Spontaneous Evolution

Spontaneous Evolution: Our Positive Future

(And A Way To Get There From Here)

by Bruce Lipton and Steve Bhaerman

Hay House, 2009.

I highly recommend this book, which I consider to be a tour de force, exploring all aspects of humanity’s life-or-death dilemmas today, as well as the evolutionary and social history that brought us to this point, and our prospects for a Great Turning. Lipton offers his understanding of biology, neuroscience, and their effects on behavior, while Bhaerman (a.k.a. Swami Beyondananda) contributes his perspectives on social structure, politics, and economics, as well as his comic sense of word play. 

Every now and then while reading, I had to set the book down and let my mind reverberate with the implications of what I’d just read.  Sometimes, those reverberations were difficult to put into words, but I can almost tangibly feel them working in my subconscious.  In writing this short review, I needed to keep re-reading key passages, because the information is so mind-blowing, it’s a bit hard to retain!  The old paradigms and assumptions keep reasserting themselves.

And the book explains why this happens, how belief shapes so many aspects of our lives.  “The battle we face now is not against some external king, but rather against our own internal conscious and unconscious limitations, against our distorted misperception of human nature and human potential” (p. 65) 

The authors discuss in depth four key “myth-perceptions of the Apocalypse”:  Only Matter Matters, Survival of the Fittest, It’s in Your Genes, and Evolution is Random (pp. 85-204).  I found that I already “know” that these ain’t necessarily so, but because such beliefs are widely held in our society, they no doubt influence me. I often wondered, “Do people really believe these things?” but then I see the effects in the world around me—especially in the greedy behavior of corporations I discussed above. 

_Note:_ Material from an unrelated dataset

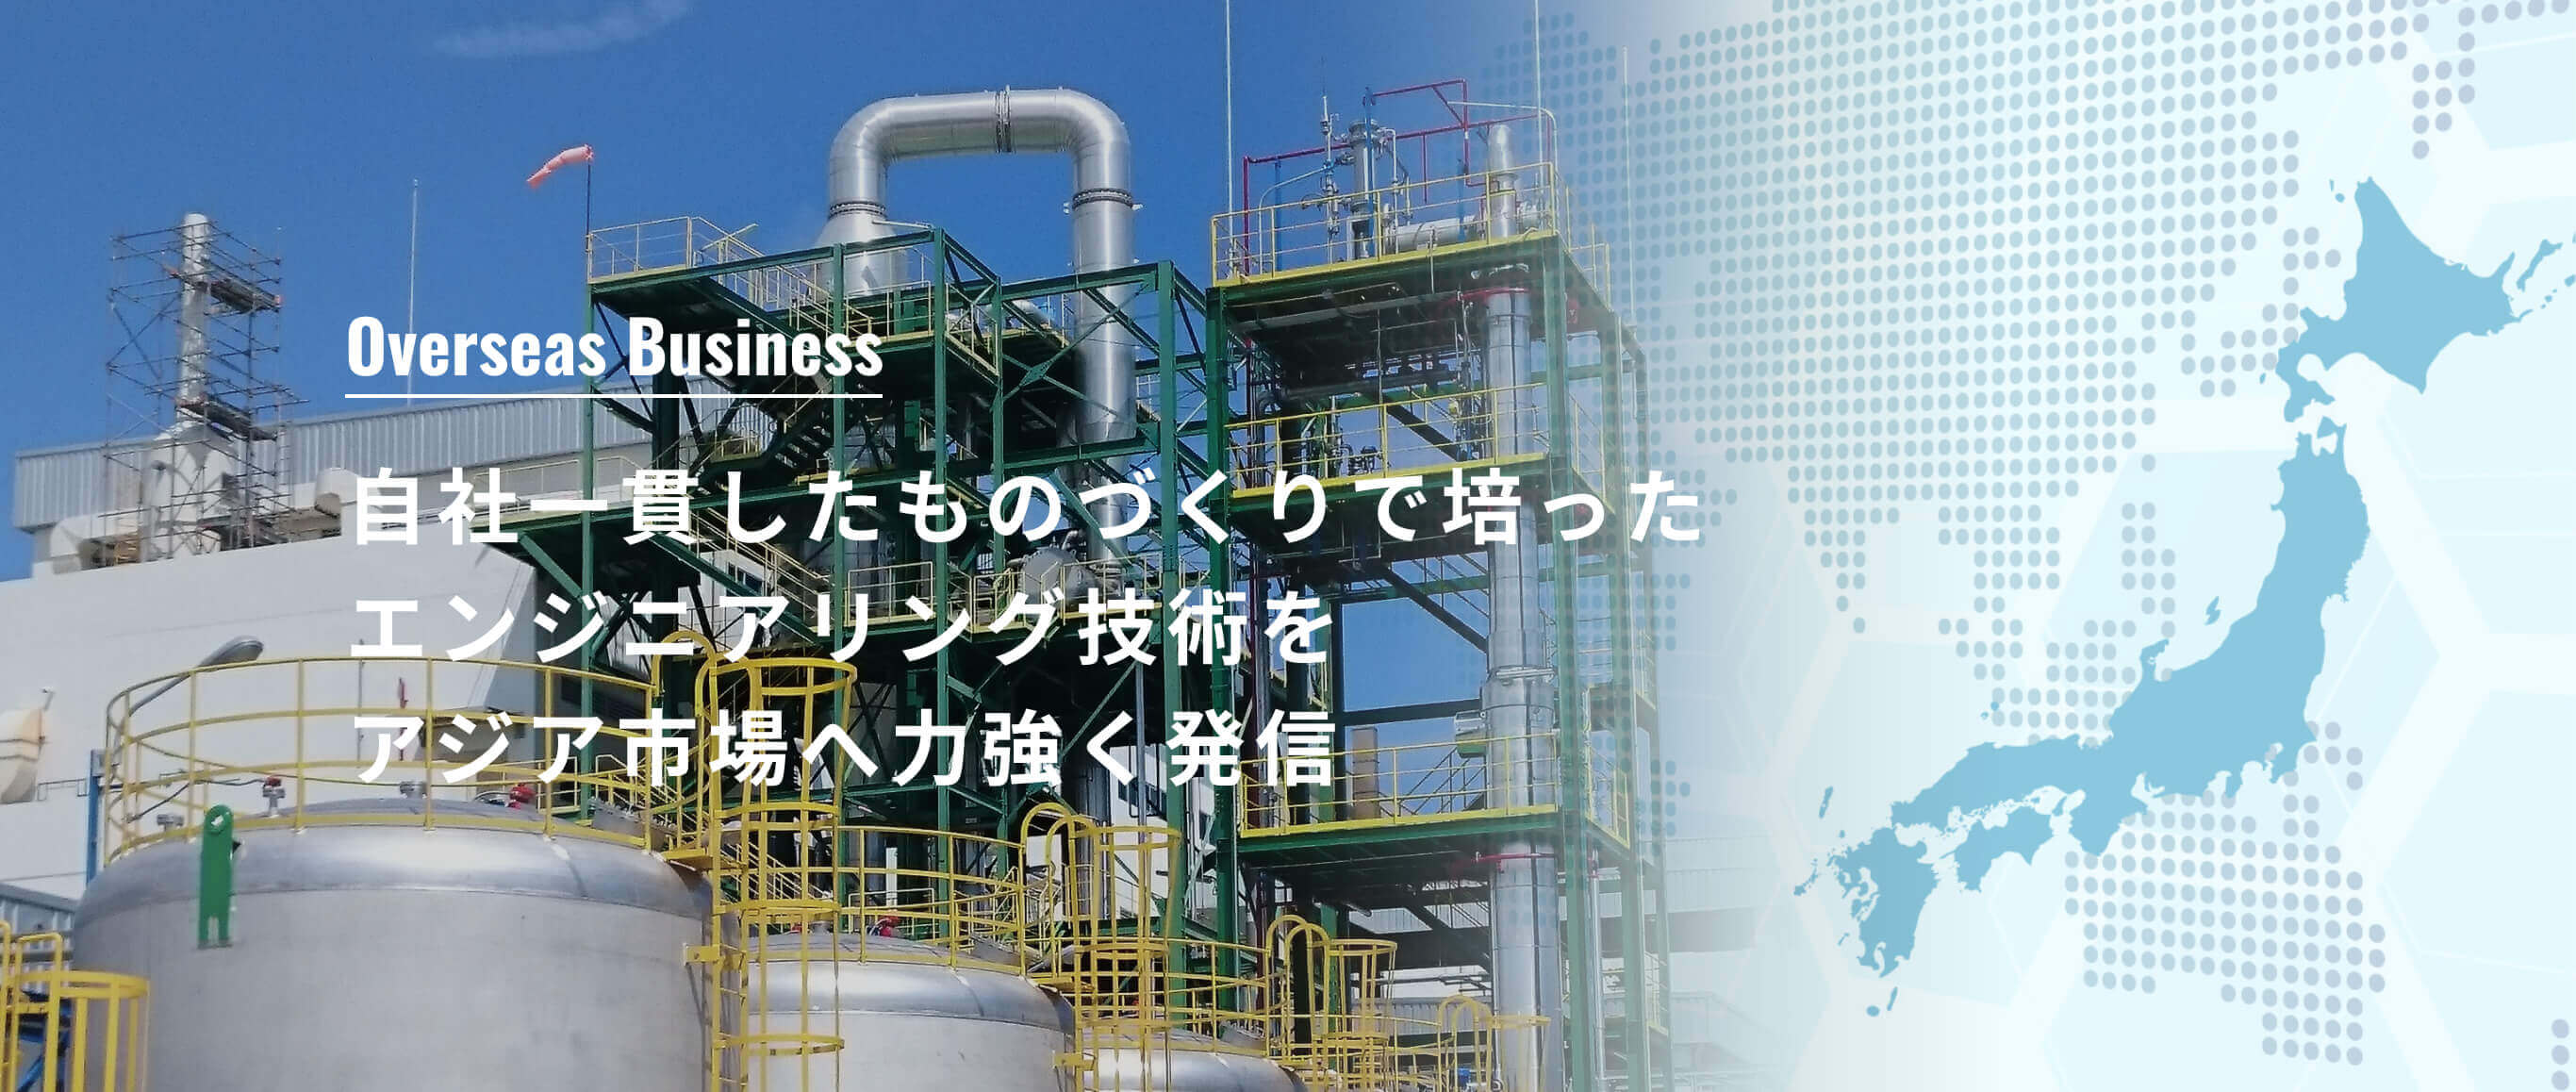 Overseas Business 自社一貫したものづくりで培ったエンジニアリング技術をアジア市場へ力強く発信

Lipton and Bhaerman explore how belief shapes our lives on a cellular, even genetic level—it’s really amazing!  They explain how the new science of “epigenetics” is transforming biomedical science, with the discovery that  “environmental signals control gene activity” (p. 132).  And these environmental signals, in turn, come from a whole complex of neurological/biochemical/physiological responses to—guess what!—beliefs held in the “mind” and their correlates in the nervous system and brain.  The description of all these interactions doesn’t seem the slightest bit reductionistic to me; on the contrary, I find the whole business rather spiritual, demonstrating the Intelligence at work in all life.

One concept that probably blew my mind more than any other in this book arises out of the insights of fractal geometry applied to cellular biology.  Quite a leap, huh?  It has to do, among other things, with the surface area of cell membranes, and the “perception proteins” that form a monolayer in the membrane.  I really can’t find any way to summarize this concept, so I can only suggest you read pages 228-229 for just one example of the authors’ ability to bring apparently disparate branches of knowledge together into a paradigm-shifting gestalt.

Early in the book, Lipton and Bhaerman declare, “Becoming conscious of our subconscious beliefs and programming is the gateway to spontaneous evolution.”  This book certainly helped me in that direction, and leaves me with a well-grounded hope that the Intelligence that got us this far can prevail, especially if we humans take responsibility for our belief systems and their effects on our own lives and the living systems of Earth.  The authors suggest that we “embrace our power with all due humility,” reminding us that “everything we do individually to become more coherent and compassionate will reverberate in the field like ripples on a pond.  Like begats like.  As you sow, so shall you reap.”

Read the book for some refreshing evidence of our capacity to evolve and transform individually and collectively, and some indicators of how we can more actively do so.